Bug 693020 – Encoding conversion problem with UTF-8 file starting in BOM

After an evaluation, GNOME has moved from Bugzilla to GitLab. Learn more about GitLab.
No new issues can be reported in GNOME Bugzilla anymore.
To report an issue in a GNOME project, go to GNOME GitLab.
Do not go to GNOME Gitlab for: Bluefish, Doxygen, GnuCash, GStreamer, java-gnome, LDTP, NetworkManager, Tomboy.
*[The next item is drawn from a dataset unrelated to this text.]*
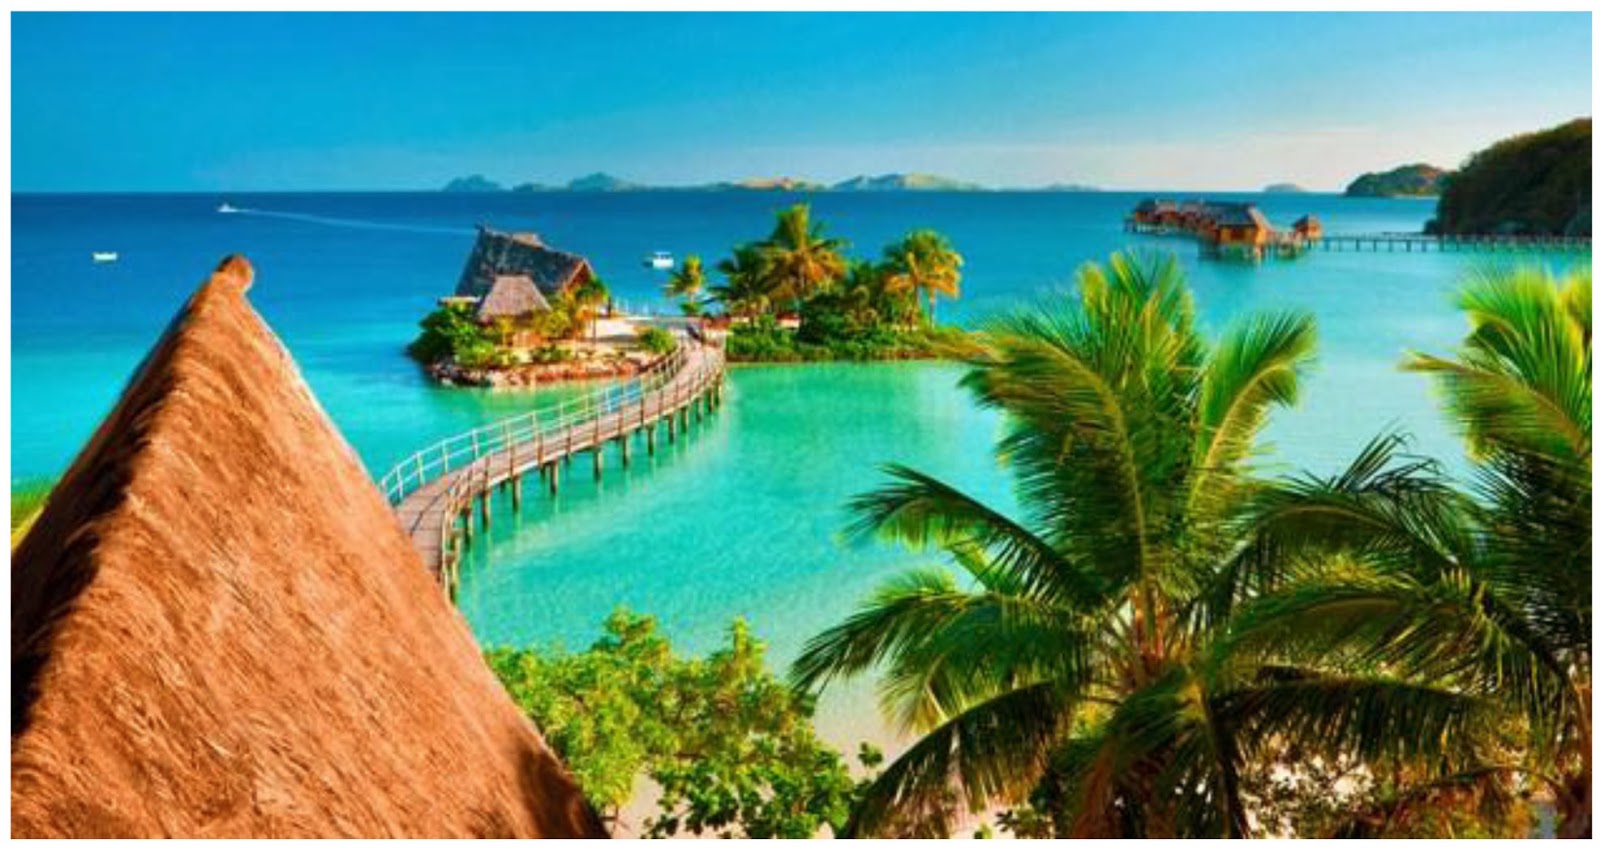 Wallpaper: The Maldive Islands Resort Is a World Best Romantic Island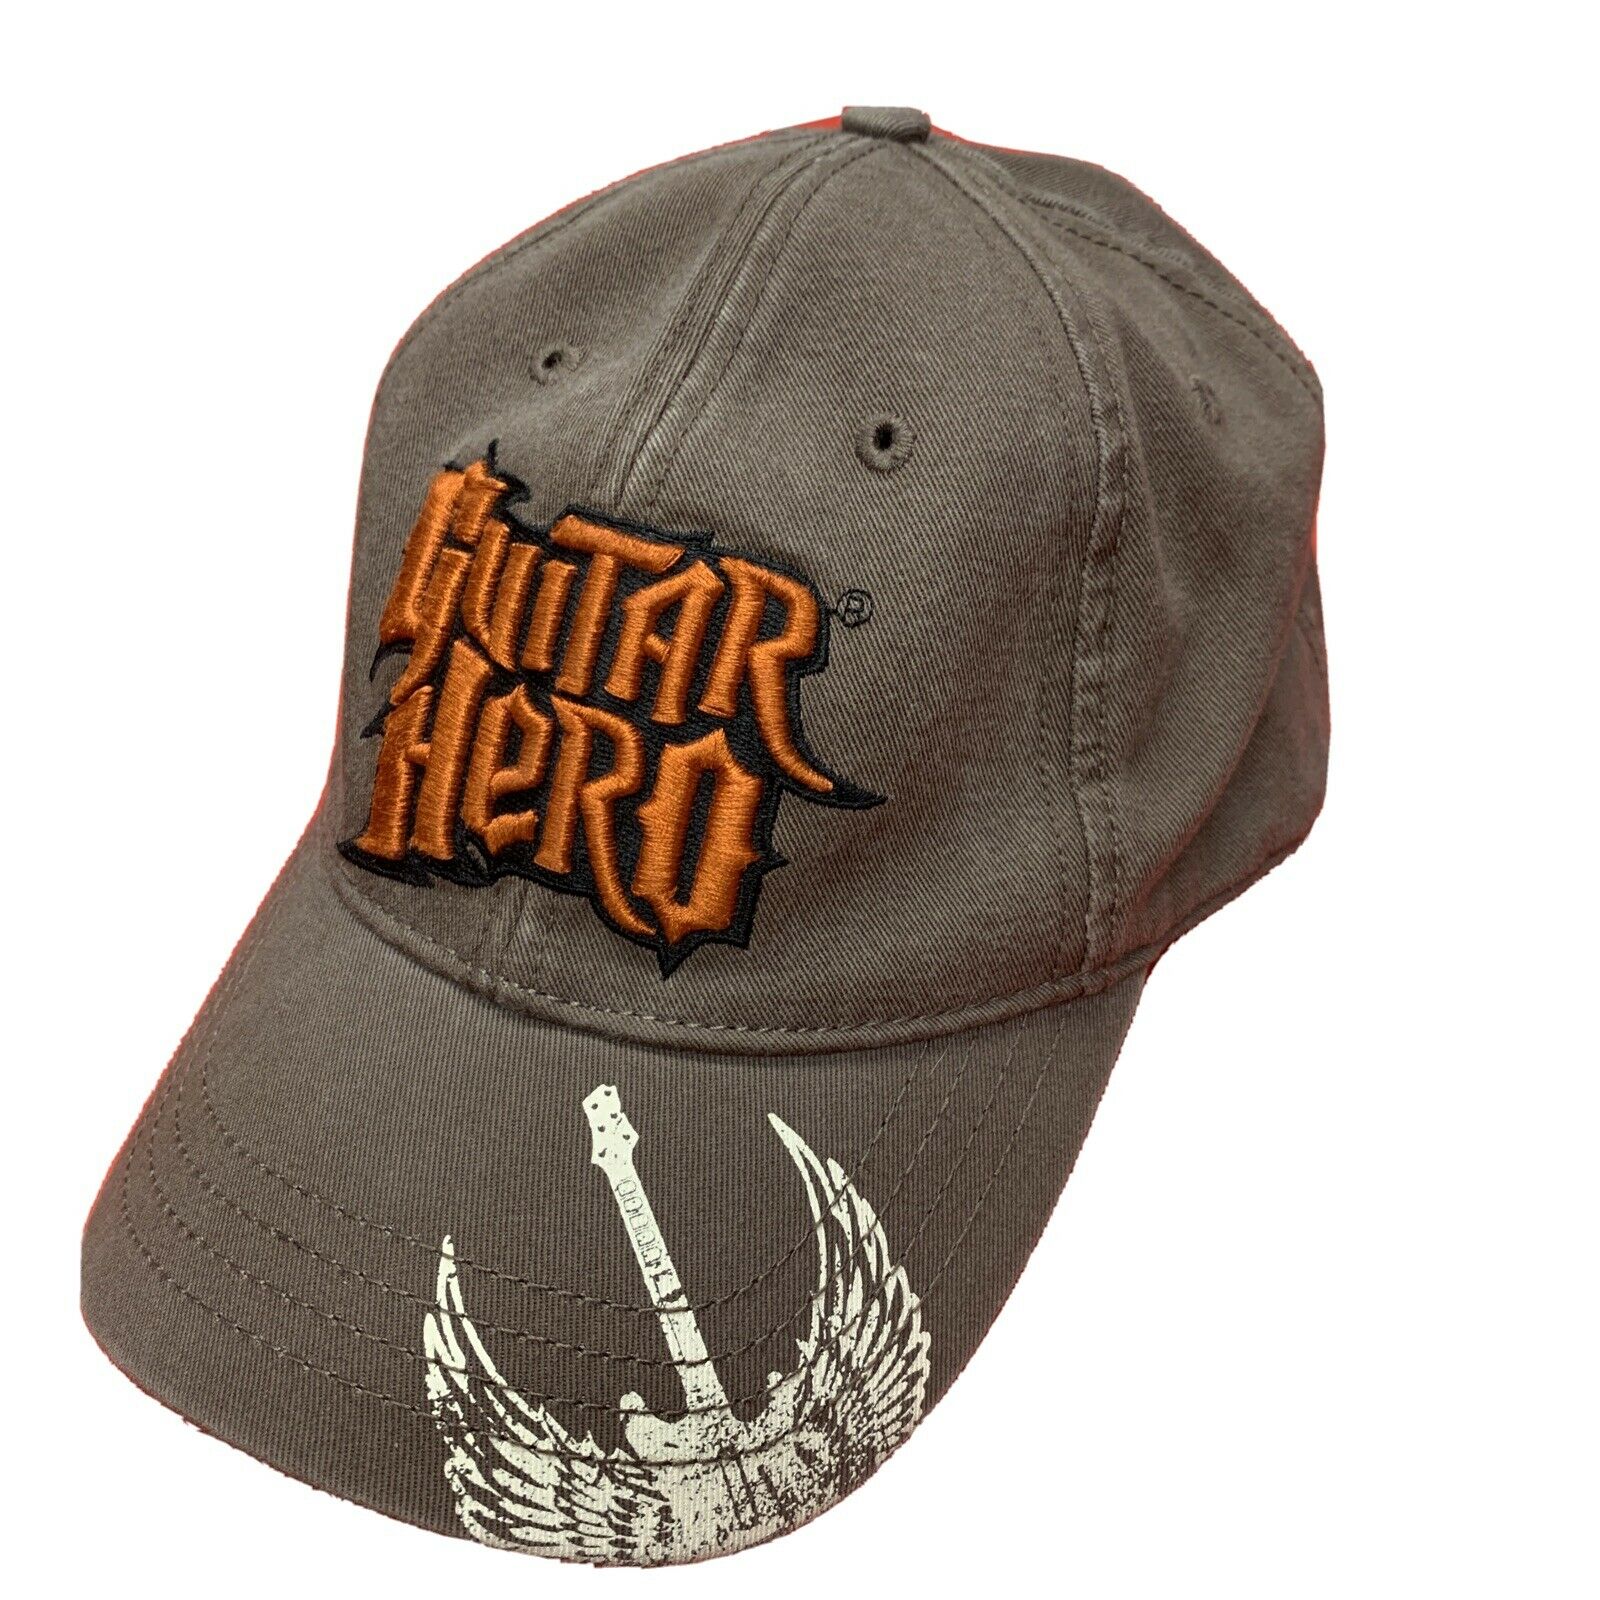 2008 Guitar Hero Activision Video Game Snapback Adult Cap Hat

Bug 693020 - Encoding conversion problem with UTF-8 file starting in BOM


Summary:	Encoding conversion problem with UTF-8 file starting in BOM


Status:	RESOLVED FIXED

Product:	tepl
Classification:	Other
Component:	File loading and saving
Version:	2.0.x
Hardware:	Other Linux

Importance:	Normal normal
Target Milestone:	---
Assigned To:	Gtef maintainer(s)
QA Contact:	Gtef maintainer(s)

URL:
Whiteboard:

Depends on:
Blocks:

Reported:	2013-02-01 16:14 UTC by Tomáš Hnyk
Modified:	2017-04-25 09:59 UTC

See Also:
GNOME target:	---
GNOME version:	---

Description Tomáš Hnyk 2013-02-01 16:14:01 UTC

Libreoffice saves documents by default in UTF-8 (at least on my system) with no way to configure it. It also includes BOM at the start of the file (that does not break unicode specification: http://unicode.org/faq/utf_bom.html#BOM: "Can a UTF-8 data stream contain the BOM character (in UTF-8 form)? If yes, then can I still assume the remaining UTF-8 bytes are in big-endian order?

A: Yes, UTF-8 can contain a BOM. However, it makes no difference as to the endianness of the byte stream. UTF-8 always has the same byte order. An initial BOM is only used as a signature — an indication that an otherwise unmarked text file is in UTF-8. Note that some recipients of UTF-8 encoded data do not expect a BOM. Where UTF-8 is used transparently in 8-bit environments, the use of a BOM will interfere with any protocol or file format that expects specific ASCII characters at the beginning, such as the use of "#!" of at the beginning of Unix shell scripts.")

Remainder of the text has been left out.